PROBLEM TO SOLVE: Beginning with the line that contains "AED-Plus-lay-responder-erc-cprd-pads.jpg" in the material below, print each line exactly until the line that contains "Angkor Wat, Siem" has been printed, then stop.

STUDY MATERIAL:
+===+

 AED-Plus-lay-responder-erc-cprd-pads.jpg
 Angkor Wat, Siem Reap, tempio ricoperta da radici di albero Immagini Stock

+===+

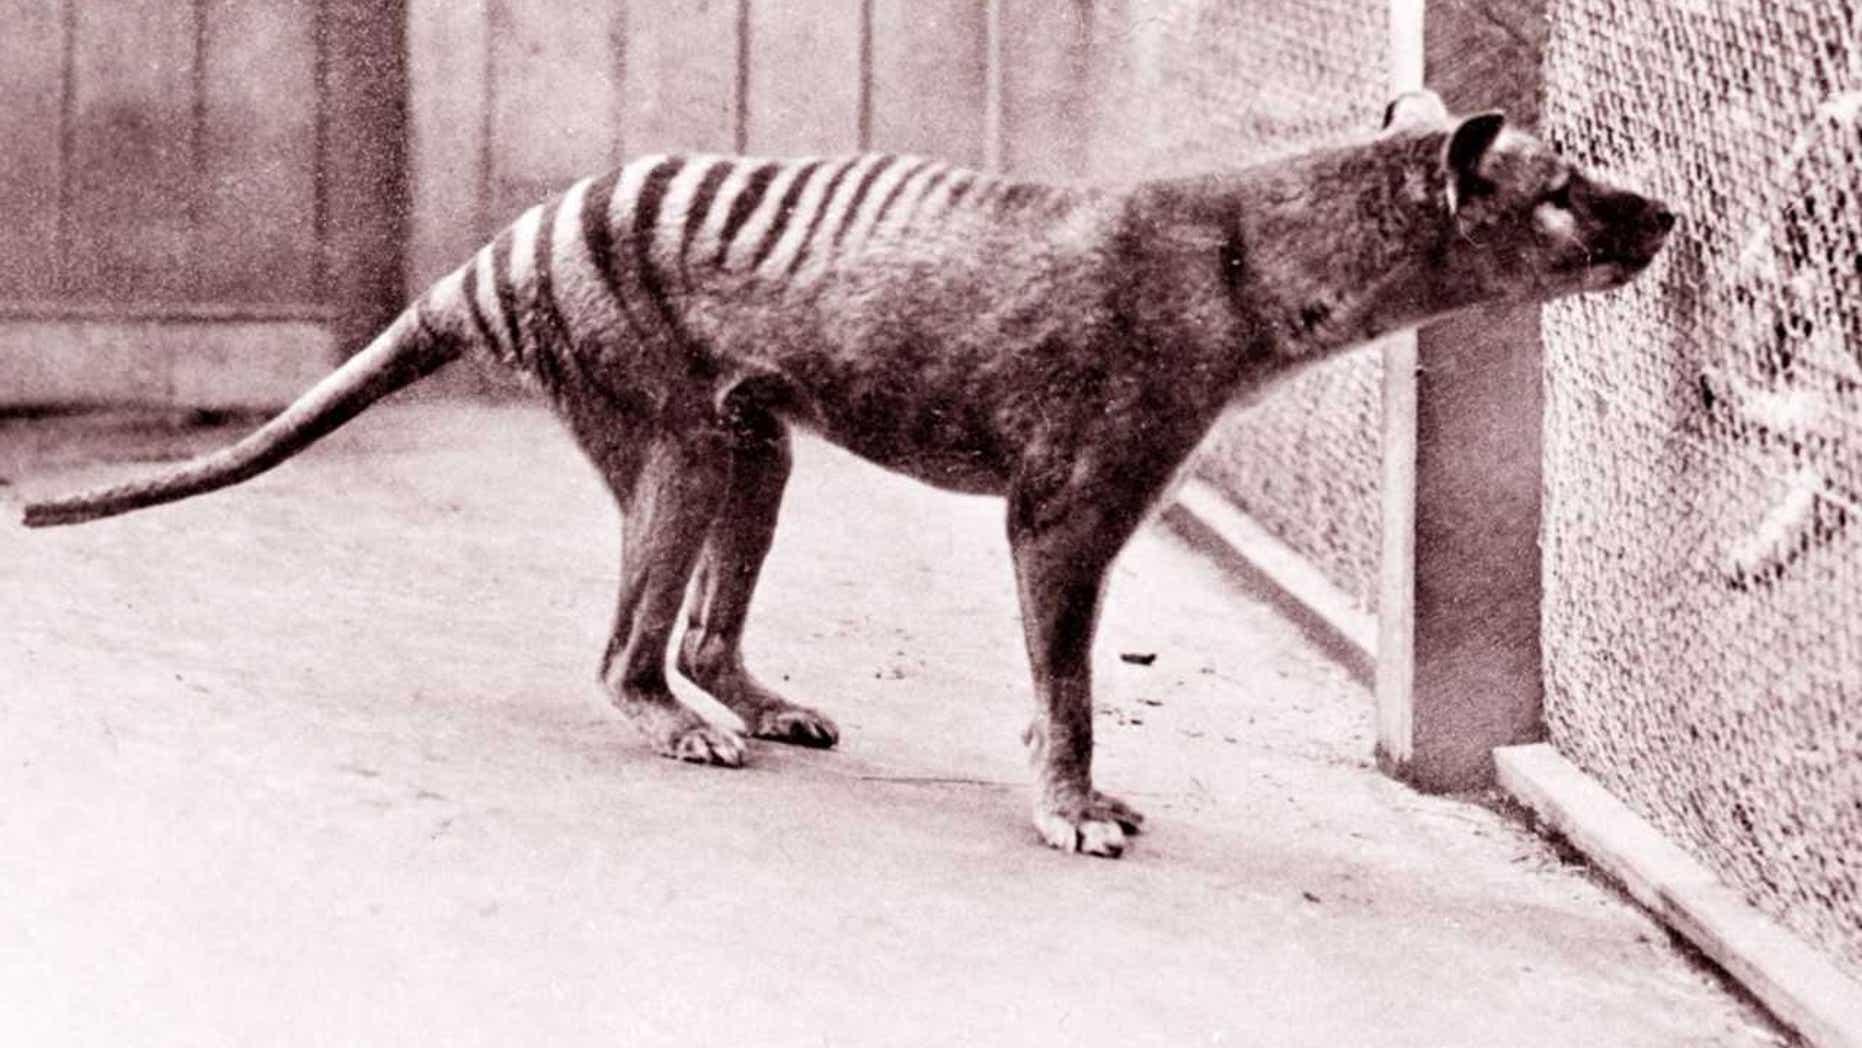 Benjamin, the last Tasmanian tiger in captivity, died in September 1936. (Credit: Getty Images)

+===+

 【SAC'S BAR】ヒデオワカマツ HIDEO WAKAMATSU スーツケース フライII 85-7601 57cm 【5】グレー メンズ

+===+

OUTPUT BELOW:
 AED-Plus-lay-responder-erc-cprd-pads.jpg
 Angkor Wat, Siem Reap, tempio ricoperta da radici di albero Immagini Stock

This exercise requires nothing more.